Ho giocato a tennis per moltissimi anni, credo cominciai in prima elementare, tuttora lo faccio e ne parlo poco, se mi chiedono “sei bravo?” io faccio spallucce, rispondo cose tipo: “dai, diciamo che la butto dall’altra parte”.

Vengo da un’educazione familiare catto-borghese parecchio hardcore e, nonostante siano anni che ci butto la candeggina sopra, certi aloni restano, e definirmi uno “che ci sapeva fare assai”, mi fa tornare in mente il Ragionier Fantozzi azzurro di sci, ibernato sulla macchina scoperta di Calboni, che nessuno lo sente, e la vita lo dileggia.

Matilde oggi aveva una partita importante, per le qualificazioni ad un torneo regionale. I suoi genitori erano indaffarati col lavoro e mi hanno chiesto di accompagnarla: in motorino si lamentava dei brufoli, dell’allergia, dei campi in sintetico, della compagna di classe che fa la smorfiosa col ragazzino che le piace da sei mesi e a cui, Matilde, fatica a dire “ciao”.

Si reggeva ai miei fianchi: questo mi fa il solletico e mi irrita un poco ma non le ho detto nulla perché lei era un torrente di insicurezze a picco, giù per la discesa di Poggio Imperiale, cristallina e rabbiosa come acqua di montagna, e tutti quei pollini che ci cadevano addosso, lei che parlava, starnutiva in continuazione e continuava a chiedere: “Smette presto la primavera, giusto?”.

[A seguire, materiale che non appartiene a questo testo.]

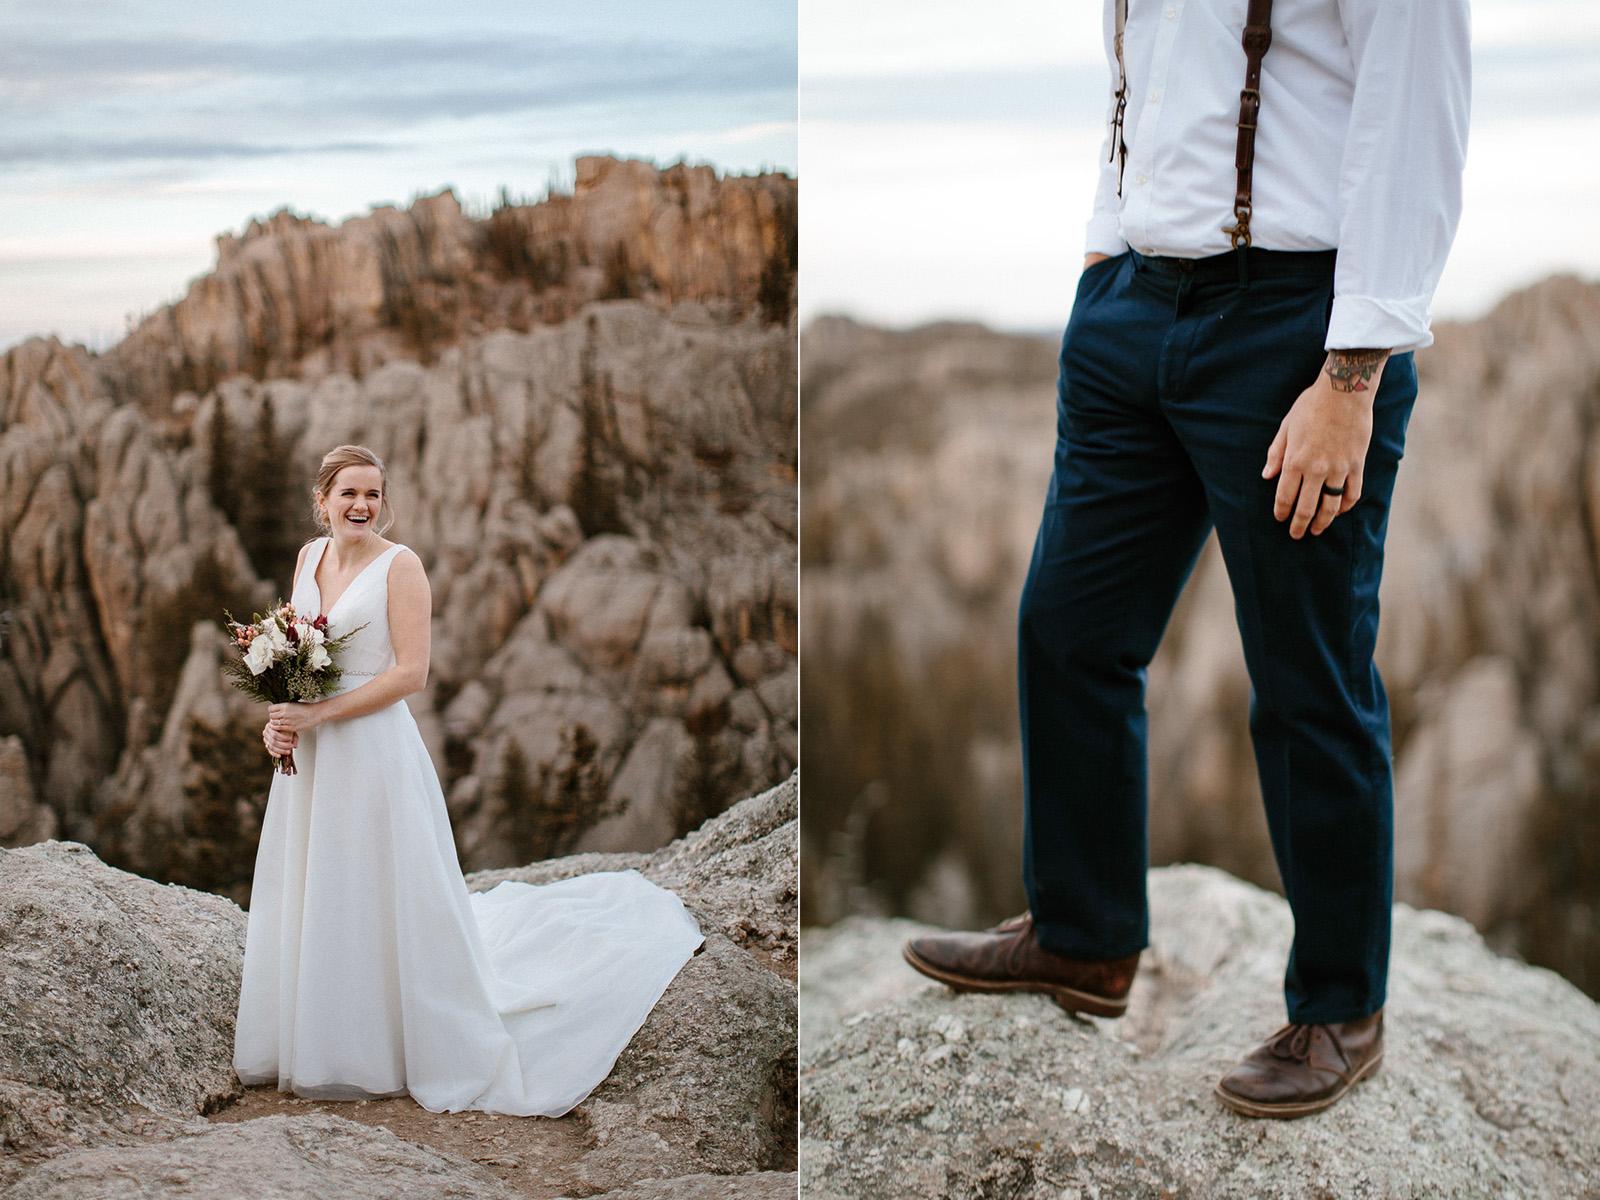 sioux-falls-black-hills-rapid-city-elopement-wedding-adventure-photographer-custer-sylvan-lake-54.jpg

Alla partita sono stato in piedi, all’angolo più in ombra del campo in disparte. Ho digrignato i denti quando ha perso quell’occasione d’oro, bisbigliavo spesso fra me: “sali a rete ora Mati, sali ora e chiudi di grinta, cazzo”. Non mi sono piaciuti i consigli del suo allenatore, né la boria malcelata della giovane avversaria, non mi è piaciuta nemmeno lei, in qualche scambio, ma le ho perdonato tutto. Perché ha vinto il match. Perché ha chiuso con un rovescio tagliato, un po’ alla Graf, che ci avrei pianto. E perché a fine partita aveva gli occhi gonfi e rossi come melograni. Le ho stretto la mano, passandole il collirio. In silenzio ci siamo scambiati un sorriso orgoglioso: smette presto la primavera.